With the looming threat of immediate government shutdown avoided, the nation once again finds itself bloated and wasteful on an all-you-can-eat buffet of raided social security funds and foreign-held debt. And there’s no sign of it stopping anytime soon.
When Senator Rand Paul pushed for a balanced budget during his 2010 Senate race, he pushed for the “penny plan,” which would balance the budget by cutting a little over 1 percent of government spending. Of course, that didn’t happen. Instead, the government grew, and the $12 trillion in debt of 2010 is now $35 trillion in 2024.
So it should come as no surprise that when Senator Paul introduced his “penny plan” once again, it didn’t call for cutting 1 or 2 cents out of every federal dollar but has grown to over 6 cents a dollar. To make matters worse, the appetite to cut spending and the glooming debt bomb is even lower than in 2010.
See Also: Restoring a Free Market Economy is Critical to America’s Future
Unsurprisingly, the costs of goods are rising, and economic certainty is wavering as the country continues to take out debt and leave the bill for future generations. And with Social Security rapidly approaching insolvency in the next decade, it will get worse before it gets better.

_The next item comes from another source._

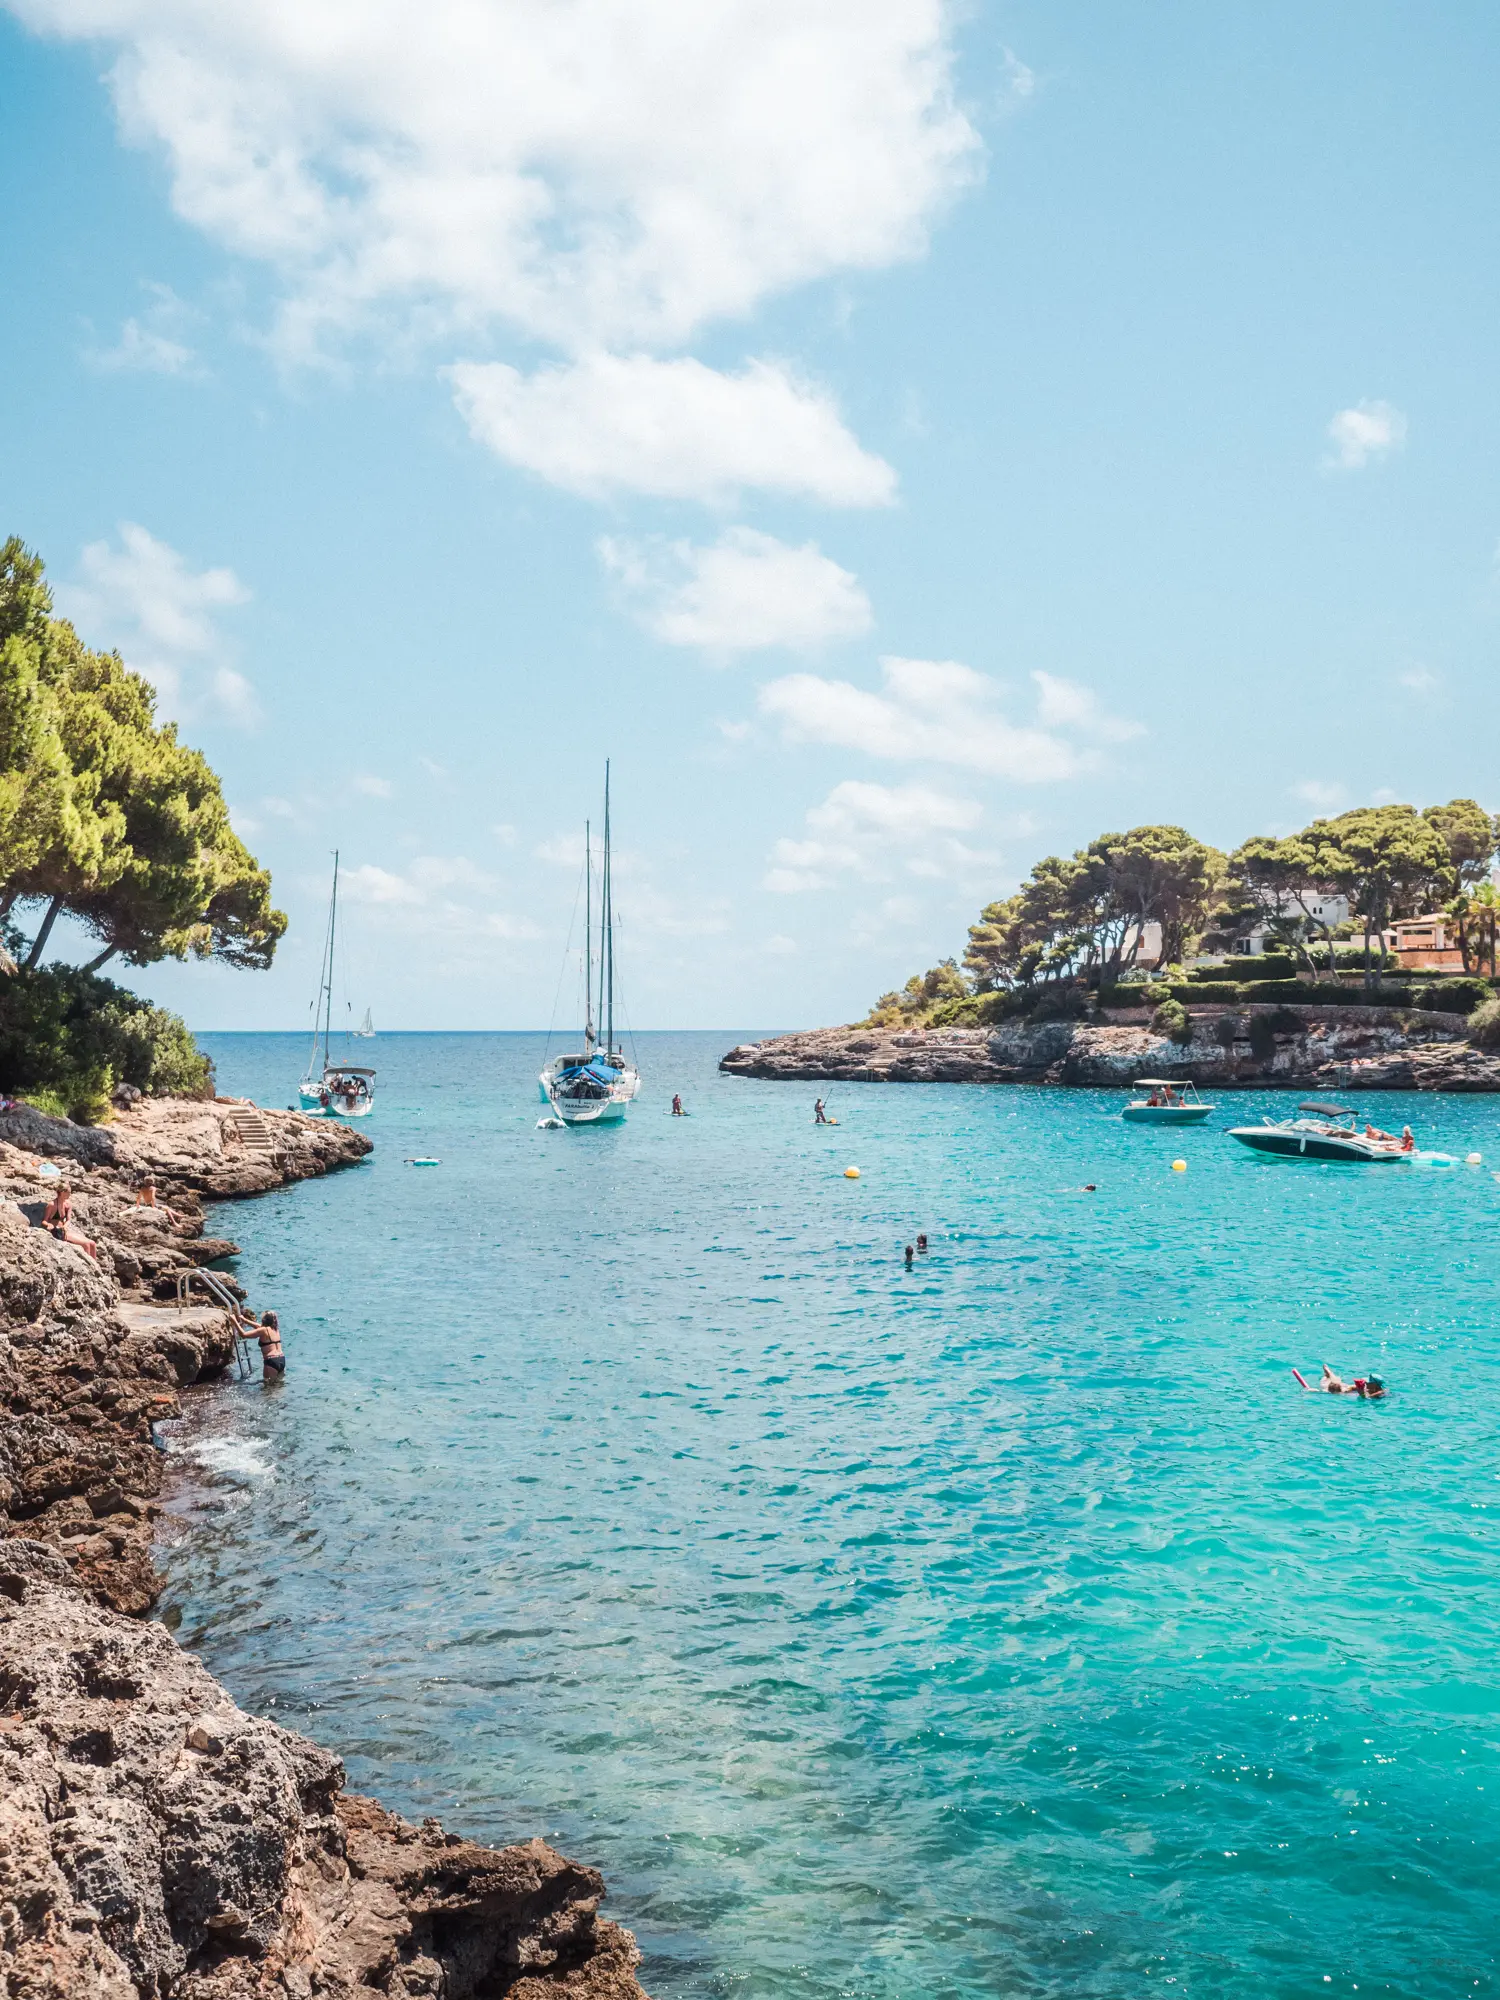 Two sailboats and two smaller boats with people swimming around in the turquoise ocean of Cala Gran with rocks on each side, one of the best beaches in Mallorca.

For our part, American Action Fund is standing firm on the need for fiscal sanity, and while we predominantly focus on the state level, it’s a key metric we follow in determining membership to our Hazlitt Coalition. We know that by changing the pool of elected officials at the state level, we help establish the environment that influences if not feeds the next generation of U.S. Congressmen.
The more we put off this issue, the more painful it becomes, but the failures of the past to address this vital issue do not mean we shouldn’t remain diligent and principled in our push toward fiscal responsibility and a stable, prosperous economy.